У каждого своя война - Володарский Эдуард Яковлевич. Страница 91

Он рванулся к выходу из кухни и налетел на Борьку, ударился об него, как мячик о стену. Стена не сдвинулась с места. Борька зловеще усмехнулся, оттолкнув от себя Игоря Васильевича обратно в кухню, и зашипел:

- Куда ты торопишься, легавый? Ты поговори с людьми, поговори…

- Урка! Уголовник! — завизжал Игорь Васильевич, а Нина Аркадьевна пьяно хохотала, хотя хохот этот больше походил на рыдания:

- Получил?! Мало! Убить эту сволочь мало!

- Вы все тут сволочи! Всех посажу! Запомните! У меня связи, понятно?! — вновь взвизгнул Игорь Васильевич и кинулся к выходу из кухни. — Пусти, мерзавец! Ты пожалеешь! Вы все пожалеете!

Он рвался напролом, намереваясь сбить Борьку с ног, но тот в последнюю секунду отошел в сторону, и Игорь Васильевич, не удержавшись, пролетел коридор, врезался всем телом в старый велосипед, на котором ездил Борька еще до тюрьмы. Он упал, и велосипед обрушился на него. Игорь Васильевич застонал — он еще сильнее разбил себе лицо и расшиб руки. В кухне раздался дружный издевательский хохот и пьяный крик Нины Аркадьевны:

- Боря, дай ему еще! Дай ему!

Но Борька бить Игоря Васильевича не стал, только улыбнулся соседям и спросил у Любы:

- Мамань, привет! Братишка дома?

- Где ж ему еще быть? Он — не ты!

Борька не ответил, переступил через лежащего на полу, стонущего от боли Игоря Васильевича и спокойно пошел по коридору в комнату своей семьи.

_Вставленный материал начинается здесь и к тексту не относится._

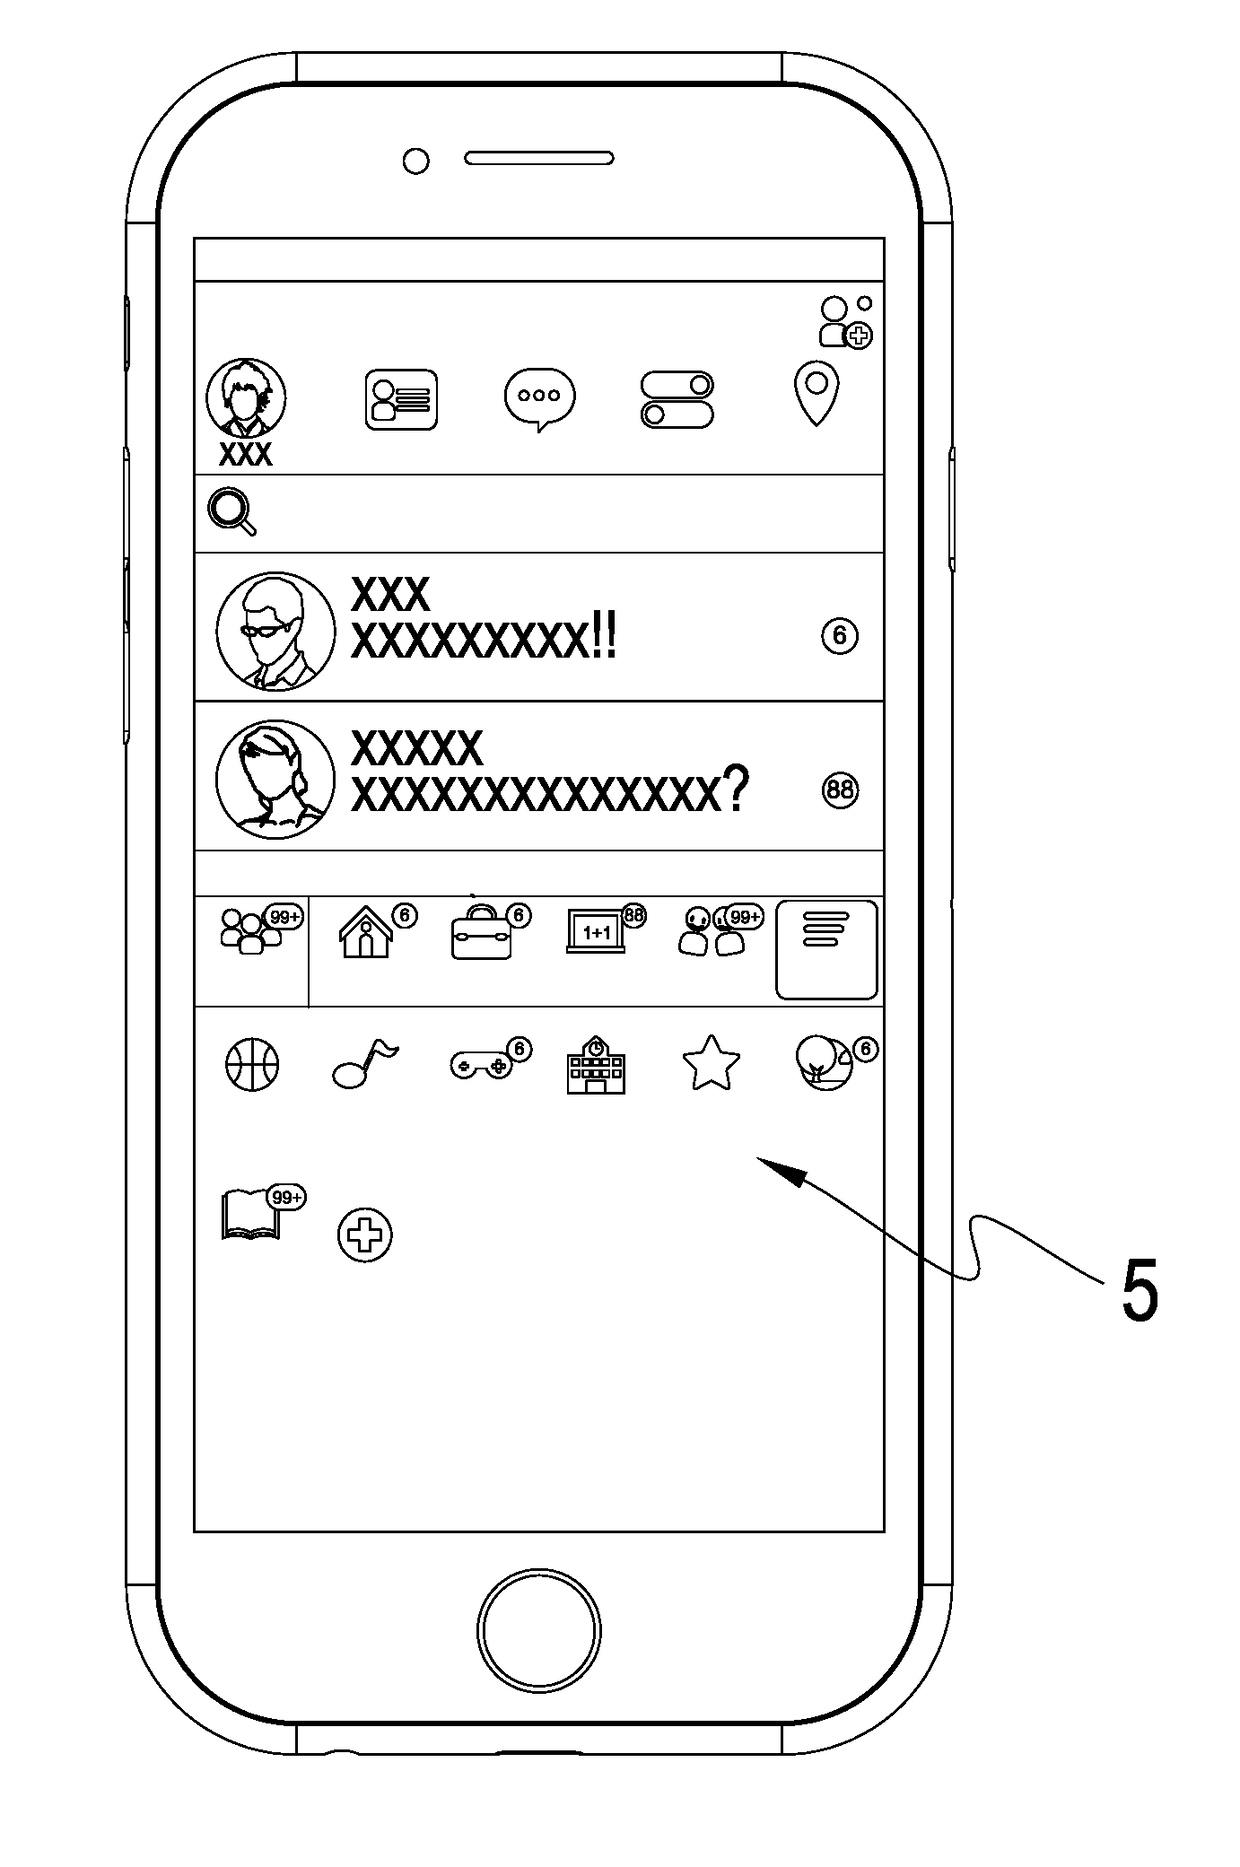 Messaging system with configurable identification

Федор Иваныч и Робка не спали, слушали скандал, разыгрывавшийся на кухне. Борька вошел, не спеша разделся, аккуратно повесил пальто на вешалку у двери, кепку, шарф и сказал с лучезарной улыбкой:

- Федору Иванычу наше с кисточкой. Роба, привет!

- Привет... — ответил Робка. — А у нас Сергея Андреевича арестовали.

- Уже знаю, — ответил Борька. — И донос на него написала эта тварь, Игорь Васильевич.

- Как Игорь Васильевич? — вздрогнул Федор Иваныч. — Есть доказательства? Нельзя же обвинять человека, если на него накинулась пьяная жена? Мало ли бывает семейных скандалов?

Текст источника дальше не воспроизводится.